Clinical and epidemiological studies have suggested that smokers tend to have more progressed and metastatic cancer than non-smokers 23
. Further, smokers had enhanced metastasis of breast cancers to the lung 51, 53
. Our findings suggest that nicotine induces changes consistent with EMT is highly relevant in this context. Indeed, earlier studies had suggested that long-term exposure to nicotine could alter the phenotype of epithelial and endothelial cells 12, 28
. We provide the molecular changes that facilitate these morphological changes. Results presented here show that chronic treatment with nicotine resulted in the downregulation of ECM proteins E-cadherin and β-catenin, with concomitant increase of fibronectin and vimentin. Several studies show that the decrease in E-cadherin and β-catenin with a concurrent increase in fibronectin and vimentin levels is one of the hallmarks of EMT in lung cancer cells. Further, clinical studies also report that smoking decreases levels of E-cadherin in lung tumors and might be contributing to resistance to chemotherapeutic agents 33
. It is probable that apart from its pro-invasive activity, nicotine plays a role in promoting EMT via downregulation of ECM proteins.

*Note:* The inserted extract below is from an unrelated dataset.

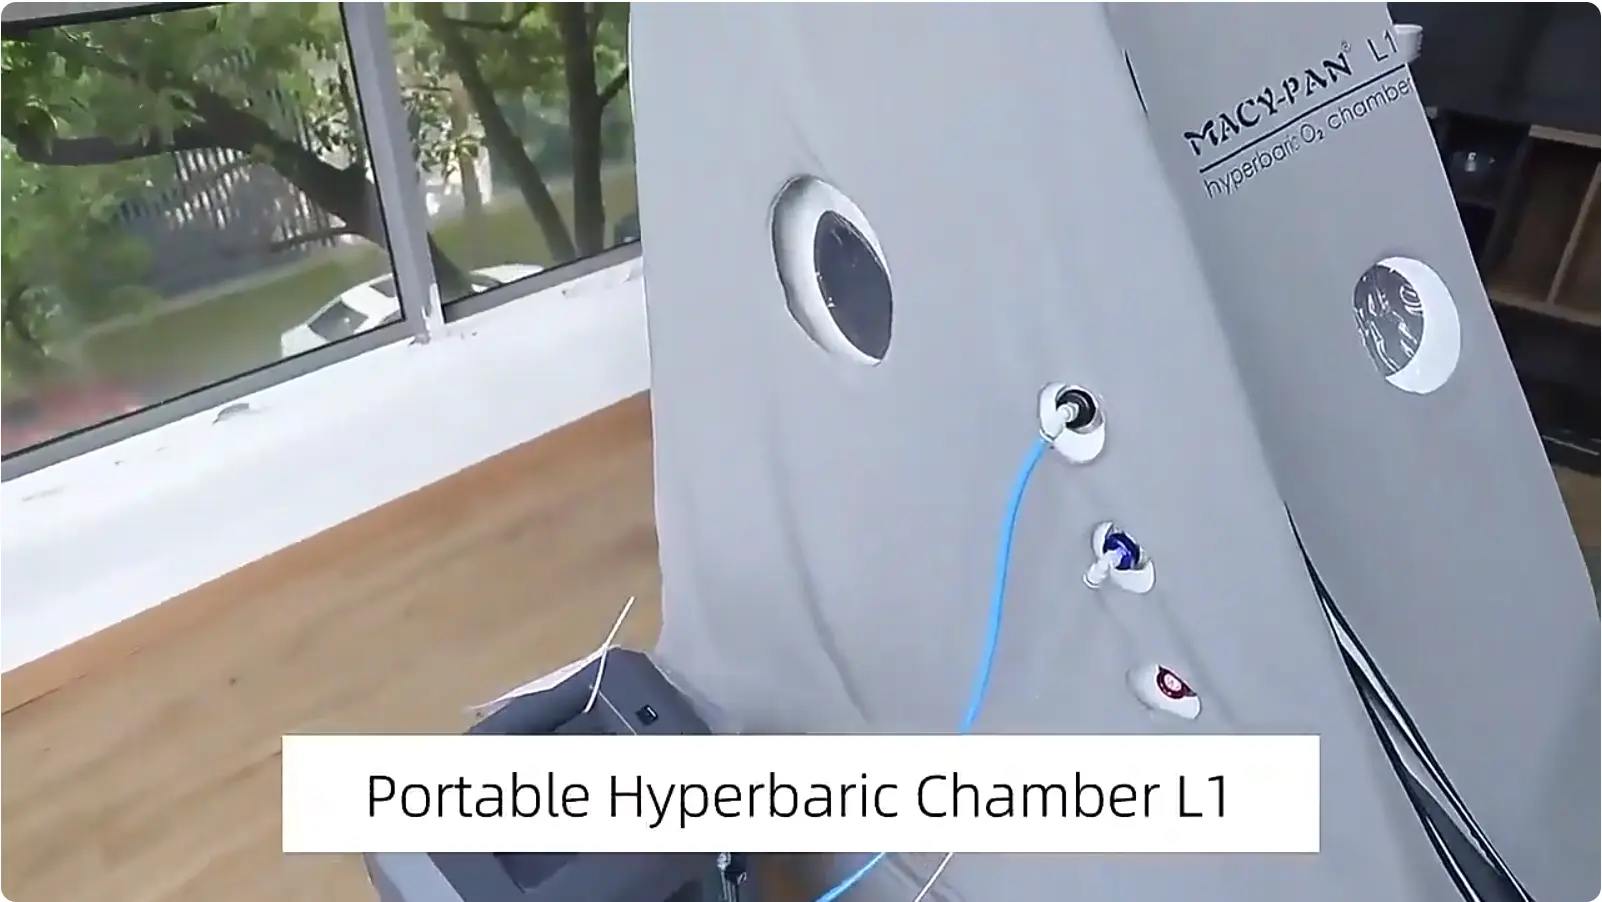 Portable Hyperbaric Chamber L1

The results presented here suggest that while nicotine is not a carcinogen by itself , it has the potential to promote the growth and progression of tumors. The ability of nicotine to promote proliferation, angiogenesis, adherence-independent growth, and EMT while inhibiting anoikis might be contributing significantly to the growth and metastasis of tumors that are sensitive to nicotinic acetylcholine receptors. Further, these results also show that exposure to nicotine can affect tumors of tissues other than that of the lung. Development of agents that can disrupt the nAChR signaling pathway might prove beneficial in the treatment of such cancers.